Angka ini disebabkan oleh kurangnya keterbukaan kepentingan finansial kepada publik oleh para pejabat, identitas pemilik perusahaan yang sebenarnya (beneficial owners), dan kontrak-kontrak. Akan tetapi, undang-undang (UU) minerba di Indonesia sedang direvisi tahun ini. Hal tersebut berpotensi menyelesaikan masalah-masalah yang berkaitan dengan perizinan.

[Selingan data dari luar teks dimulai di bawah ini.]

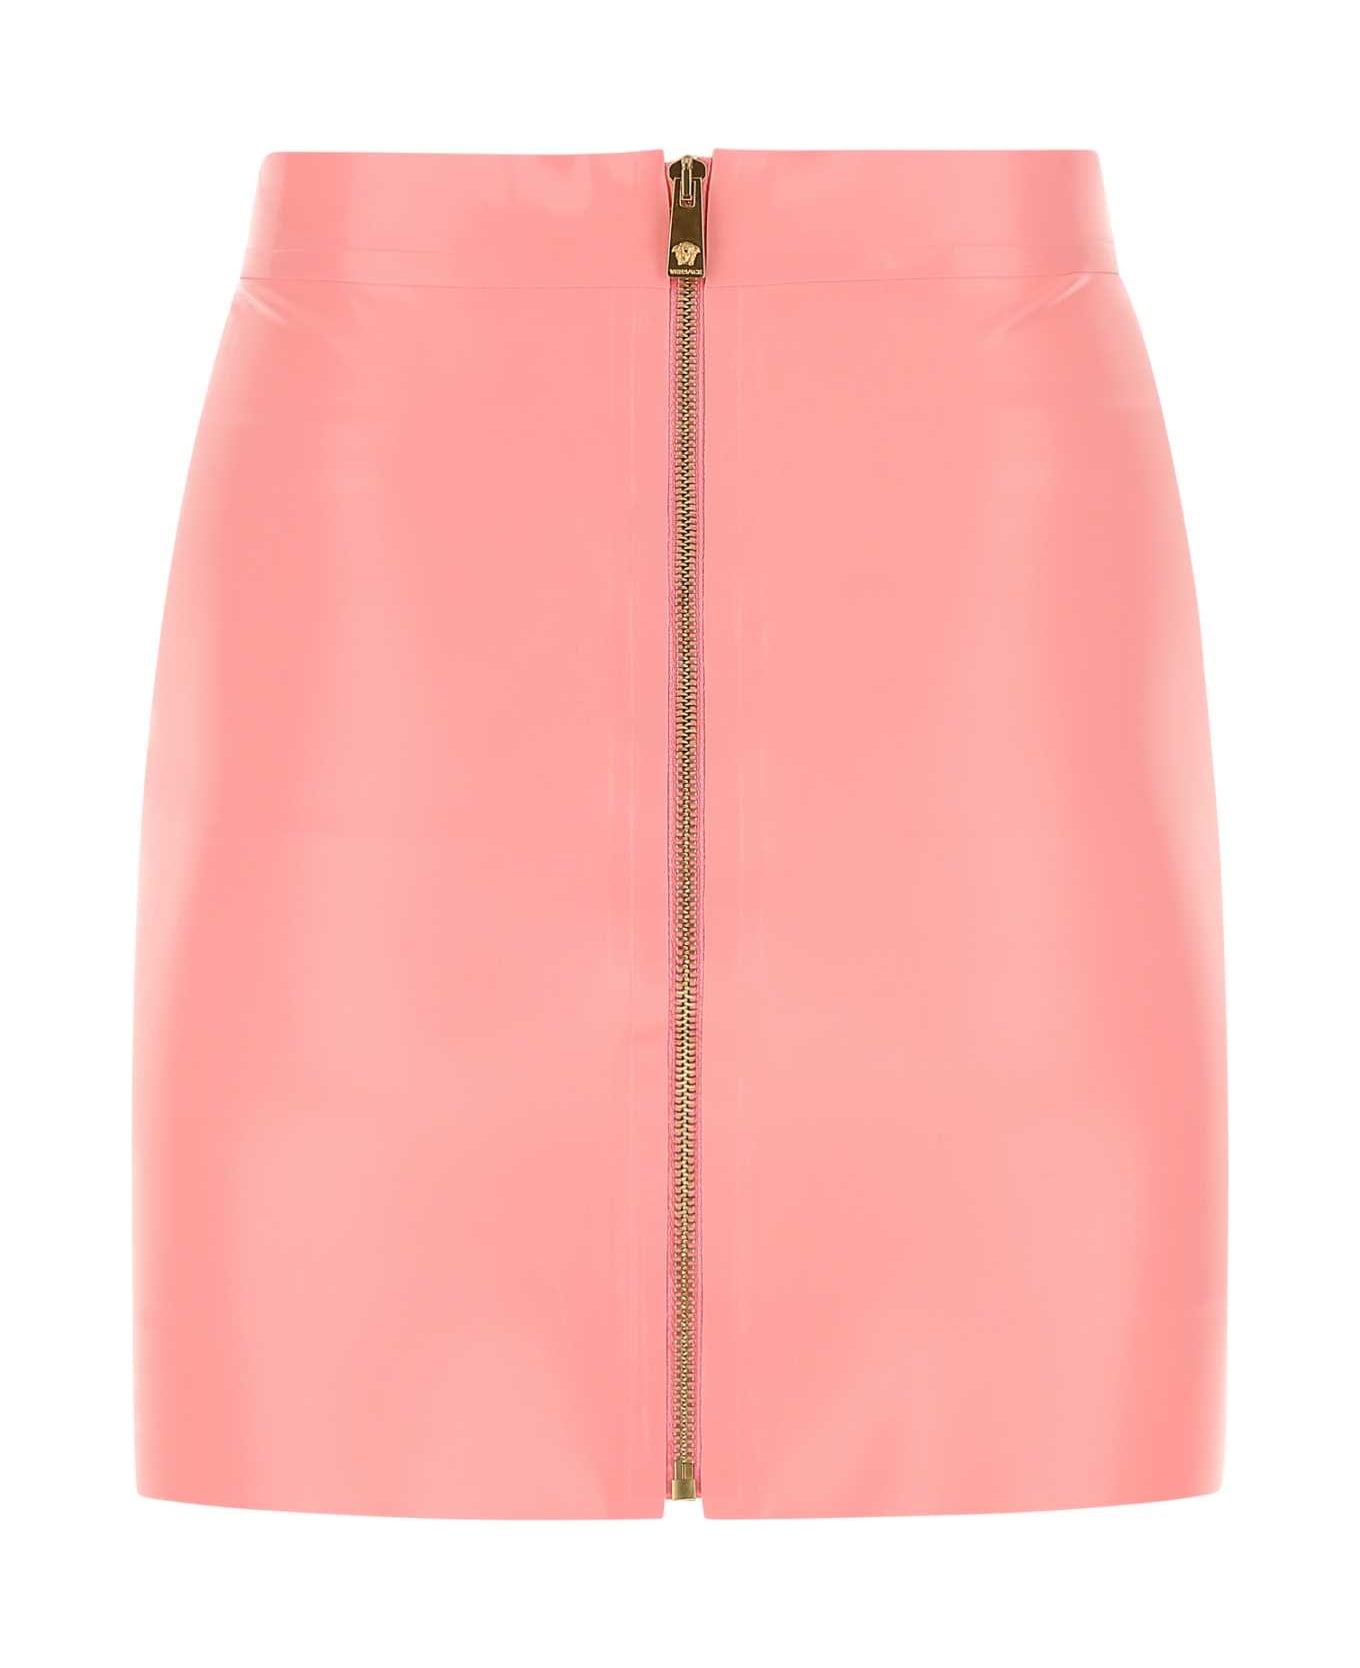 Versace Pink Latex Mini Skirt - 1PD50 スカート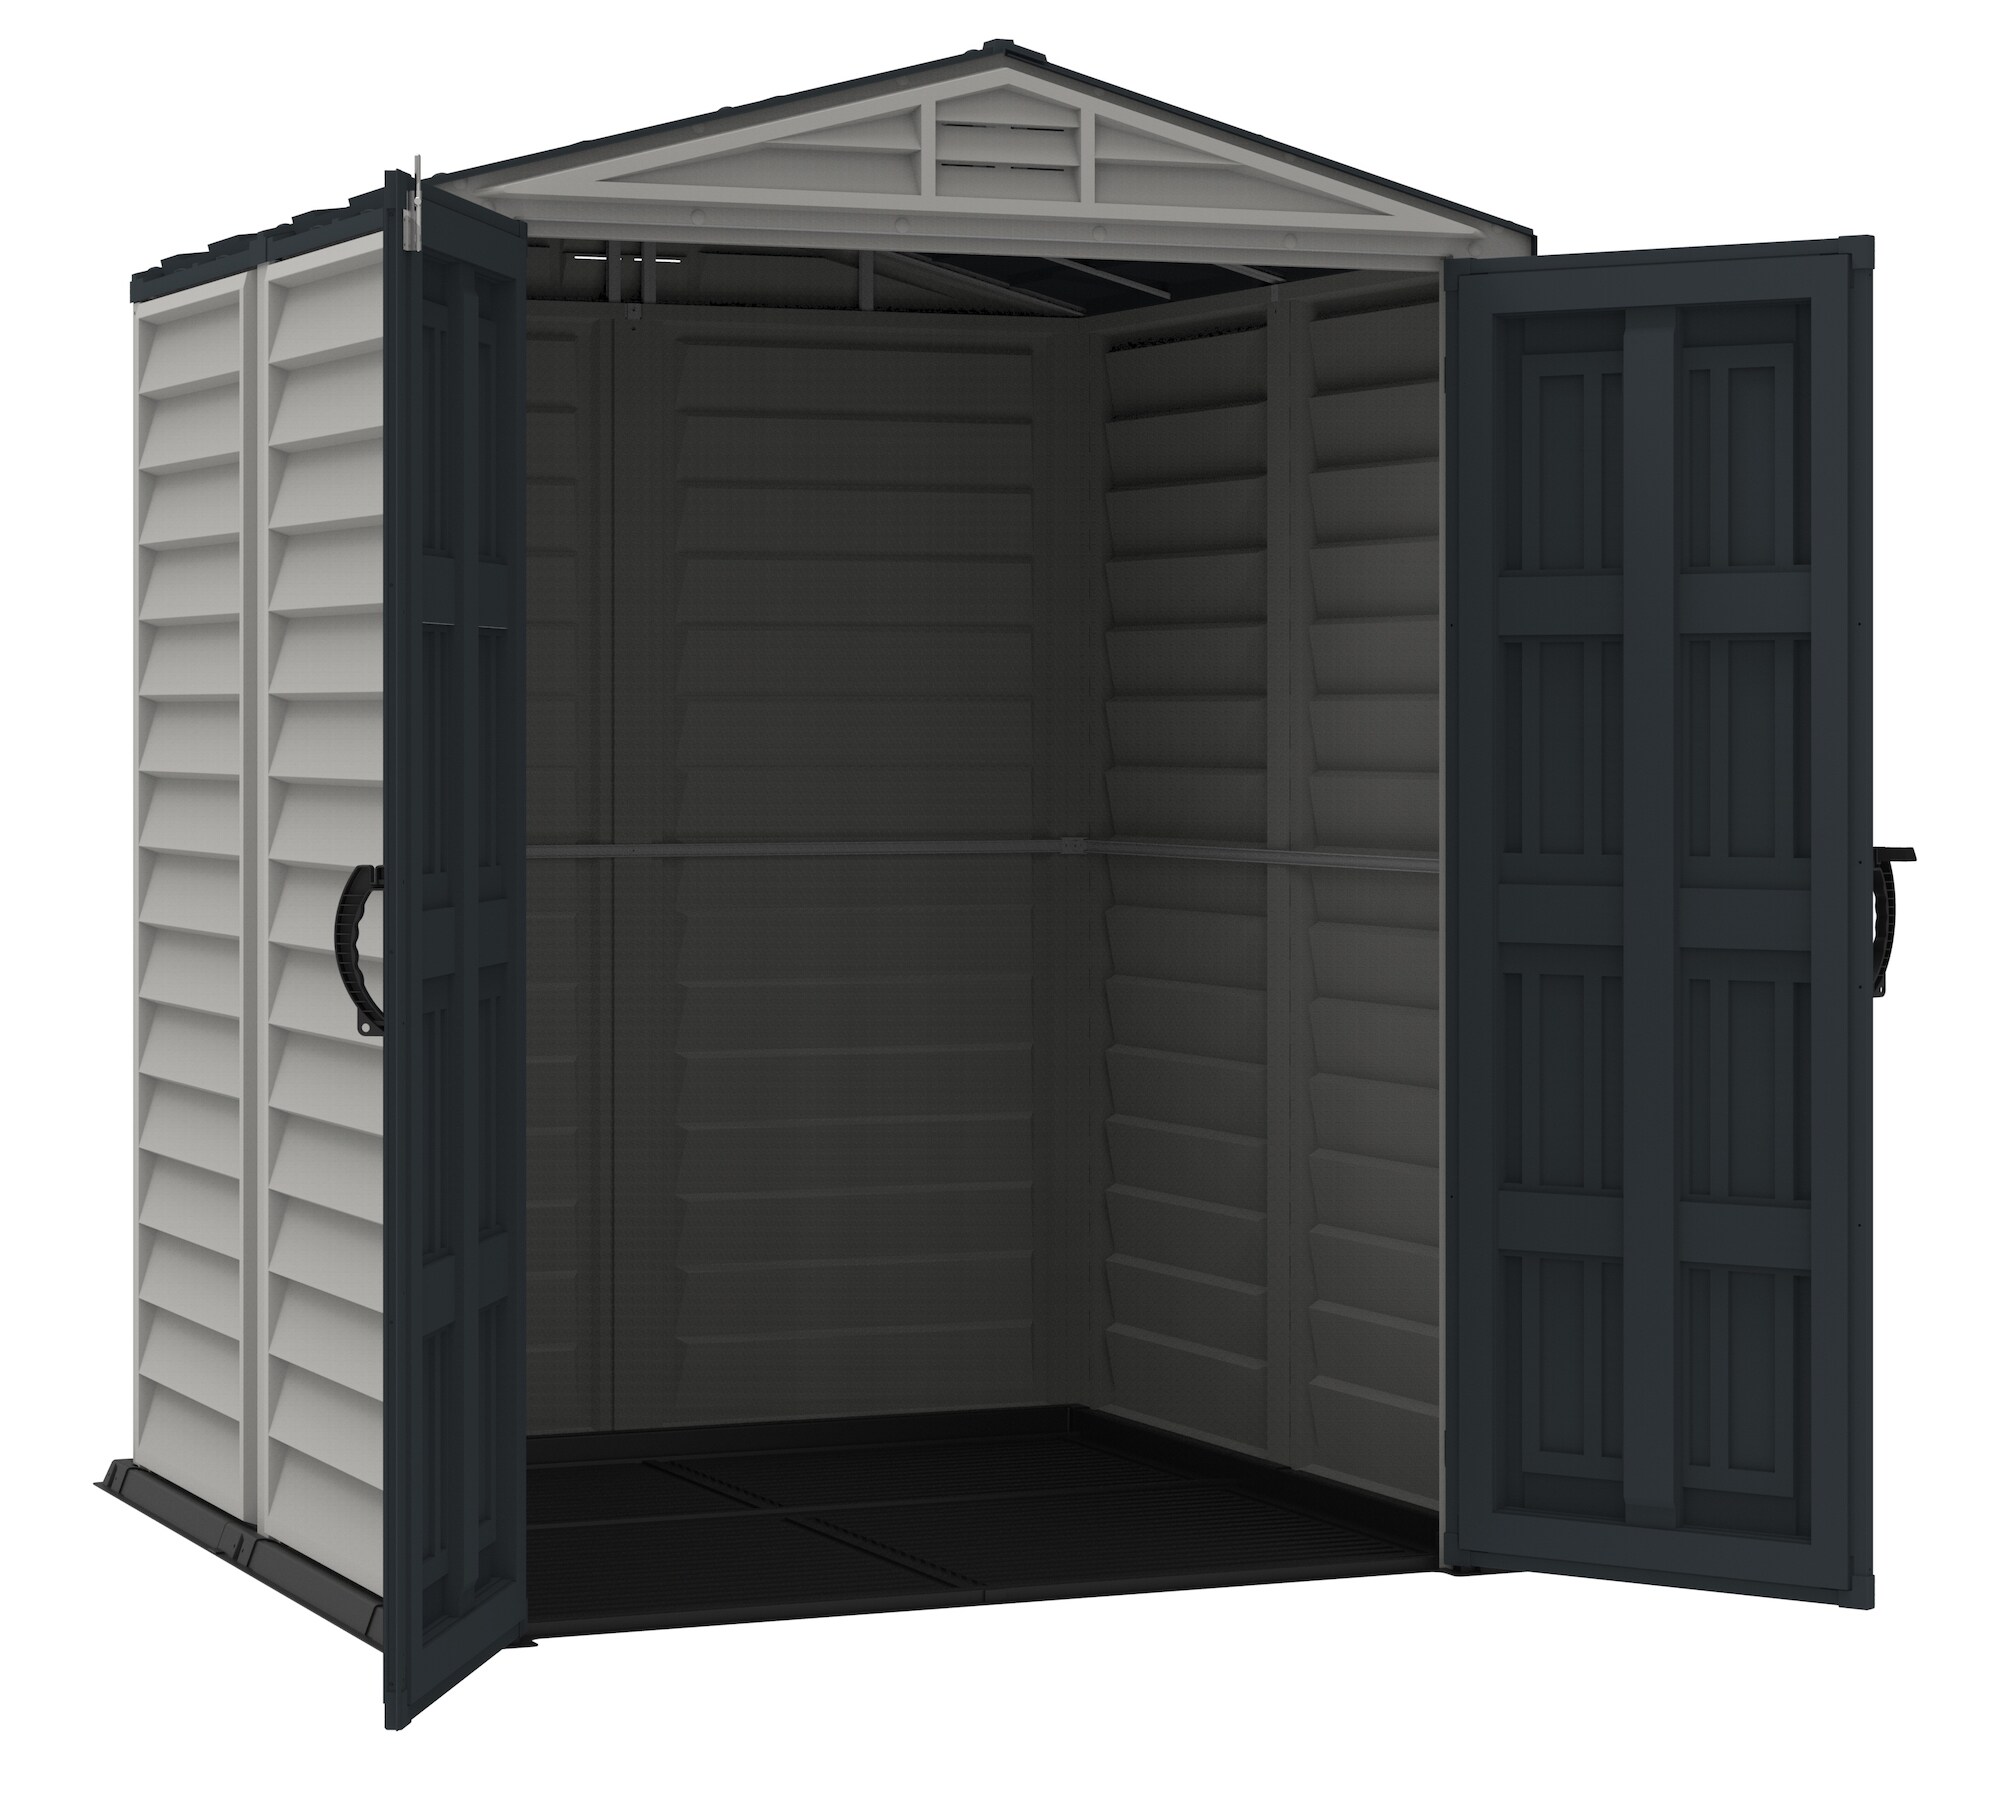 5 Large Sheds for Maximum Storage & Extra Space

Di sisi lain, sektor minyak dan gas Indonesia juga berhasil mendapatkan 68 poin dari keseluruhan 100 poin. Tata kelola sektor ini lebih baik dalam hal manajemen pendapatan daripada realisasi nilai yang merupakan komponen penilai untuk tata kelola perizinan, perpajakan, partisipasi negara dan perlindungan lingkungan.

Perpajakan di sektor migas Indonesia adalah pengecualian, karena justru merupakan salah satu yang terbaik dalam keseluruhan indeks. Pemerintah Indonesia saat ini tengah mengkaji UU Minyak dan Gas Bumi (Migas) dan dan UU Minerba dengan fokus pada perizinan, rezim fiskal, dana bagi hasil dan tata kelola BUMN.

Pejabat pemerintah dapat menggunakan hasil indeks ini untuk membantu menjaga fokus mereka, kata para ahli NRGI. Revisi atas kedua UU itu merupakan kesempatan untuk memperbaiki kurangnya transparansi dalam kontrak-kontrak migas dan pertambangan serta kepentingan finansial pejabat publik. Faktor-faktor inilah yang menurunkan nilai Indonesia dalam hal realisasi nilai untuk kedua sektor.

Mengomentari temuan tersebut, Emanuel Bria, Indonesia country manager NRGI, mengatakan bahwa Indonesia memiliki beberapa peraturan yang baik, namun selalu ada kesenjangan antara peraturan tertulis dan praktik. Untuk wilayah Asia Pasifik, kesenjangan antara praktik dan hukum ini adalah yang tertinggi kedua setelah Laos dalam hal pertambangan. Penerapan aturan secara konsisten merupakan salah satu area utama yang harus diperbaiki oleh Indonesia.

"Perbedaan utama antara sektor pertambangan dan migas di Indonesia adalah kinerja yang baik dari perusahaan pertambangan milik negara, Antam, dibandingkan dengan kinerja perusahaan minyak dan gas Pertamina yang hanya mencapai nilai memuaskan. Sebagai perusahaan publik, Antam diharuskan menerbitkan laporan keuangan tahunan, sedangkan Pertamina hanya diminta melakukannya untuk para pemegang sahamnya," terangnya melalui siaran tertulis yang diterima KONTAN, Kamis (10/8).